With this resolution, Clemson and Florida State will remain full members of the ACC, and the parties will dismiss all pending lawsuits in the states of Florida, North Carolina and South Carolina.
“At the end of the day, this innovated distribution model, which further incentivizes performance, and investment will help strengthen the ACC,” Clemson athletic director Graham Neff said to the BOT at Clemson. “A strong ACC is good for Clemson and a strong Clemson is good for the ACC.”
As part of the settlement, the members of the ACC have agreed to build upon the previously announced success initiatives by creating an additional revenue distribution model that is based on viewership. The new and innovative model will continue to support the entire membership while adding a component directly focused on annual football and men’s basketball viewership.
As with success initiatives, ACC member schools will have the opportunity to earn increased viewership distributions from the ACC’s media revenues and will be incentivized to take actions that enhance viewership across the ACC’s 18 member schools.
“I believe this is an excellent outcome for Clemson,” Clemson University President Jim Clements said to the BOT. “We achieved our goals. We have enhanced revenue opportunities that will allow us to stay competitive on a national basis and we remain a proud member of the ACC, which is a great home for Clemson.”
Obviously, the new model benefits Clemson a lot.
In the last 10 years, five times a Clemson game has been the most watched college football game in that season. Over the last six years, Clemson Football is the most viewed college football program within the ACC.
The settlement will call for 40 percent of the ACC’s revenues to be spilt equally between league members, while the other 60 percent will be divided based on a five-year rolling average of television ratings.
Clemson could see its payout increase by $15 million or more per year, which will put the school financially within striking distance of some of the SEC and Big Ten schools it competes with on a yearly basis.
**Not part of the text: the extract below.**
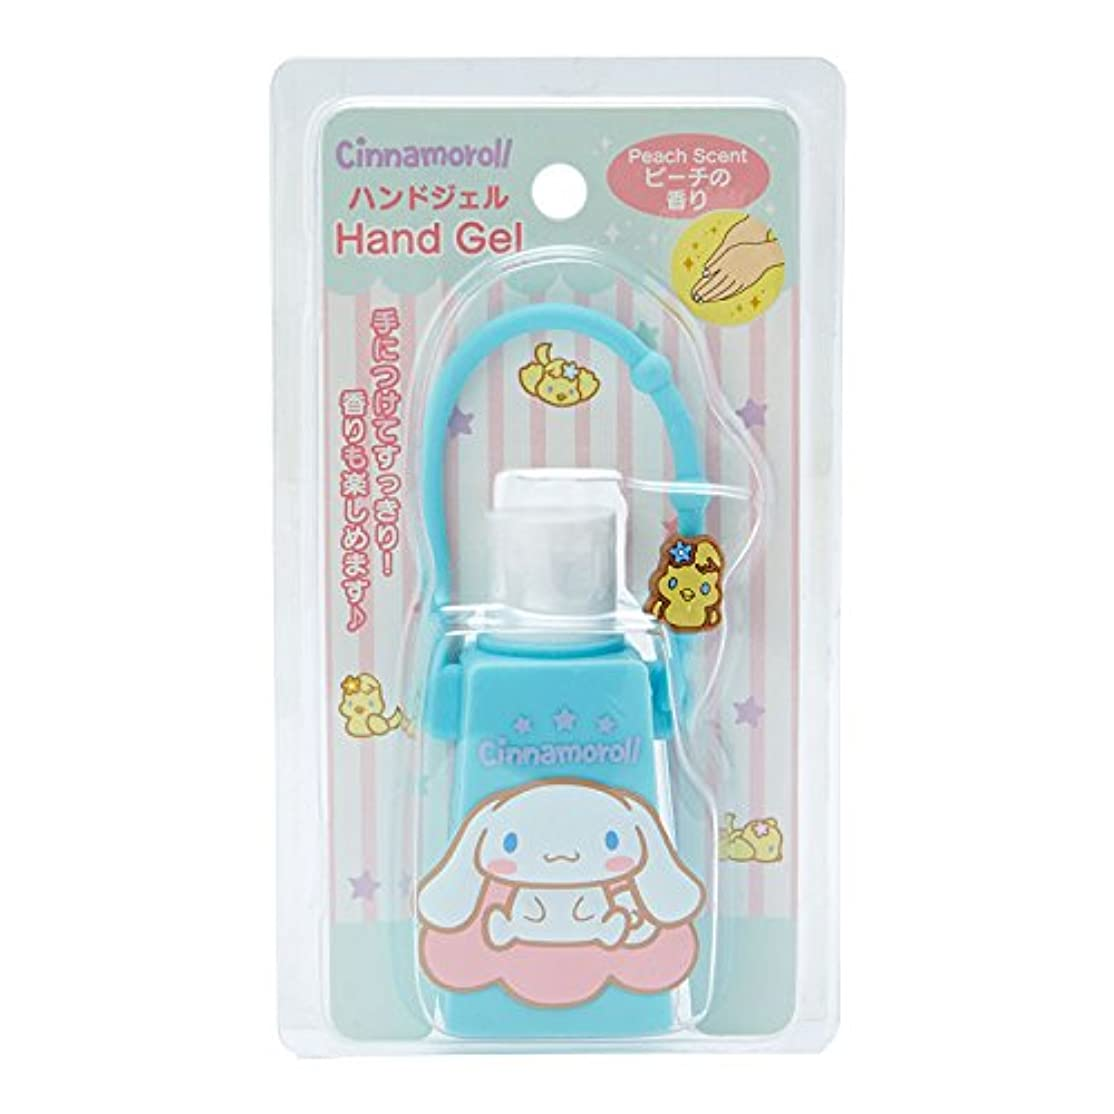 不適愛国的な家庭シナモロール 携帯ハンドジェル(ピーチの香り)

“We certainly have proven success of viewership and brand value over recent years and certainly this is going to further incentivize our investment to capture, not only competitive success on the field, but also viewership and the viewership methodology from a financial standpoint going forward,” Neff said.
The ACC already established a success initiative that allows its members to keep money earned from participating in the College Football Playoff. In other words, Clemson and SMU were allowed to keep all of the $4 million they earned from making the CFP in 2024.
How did Clemson, FSU and the ACC all come to a settlement?
Neff provided clarity in his presentation to the board, which is outlined below.
Settlement Framework
- Enhanced revenue distribution model
- Rewards performance and media value measured by viewership
- New exit fee schedule
- Coupled with the clarity that a withdrawing member leaves with their future media rights fees and clear upon the payment of only the exit fee
Viewership Pool
- 60 percent of the ESPN Base Rights’ value goes into Viewership Pool
- Fully “Proportional”: Clemson Total Viewers divided by ACC Total Viewers
- 5-year weighted, rolling viewership figures (most recent years have greater weight)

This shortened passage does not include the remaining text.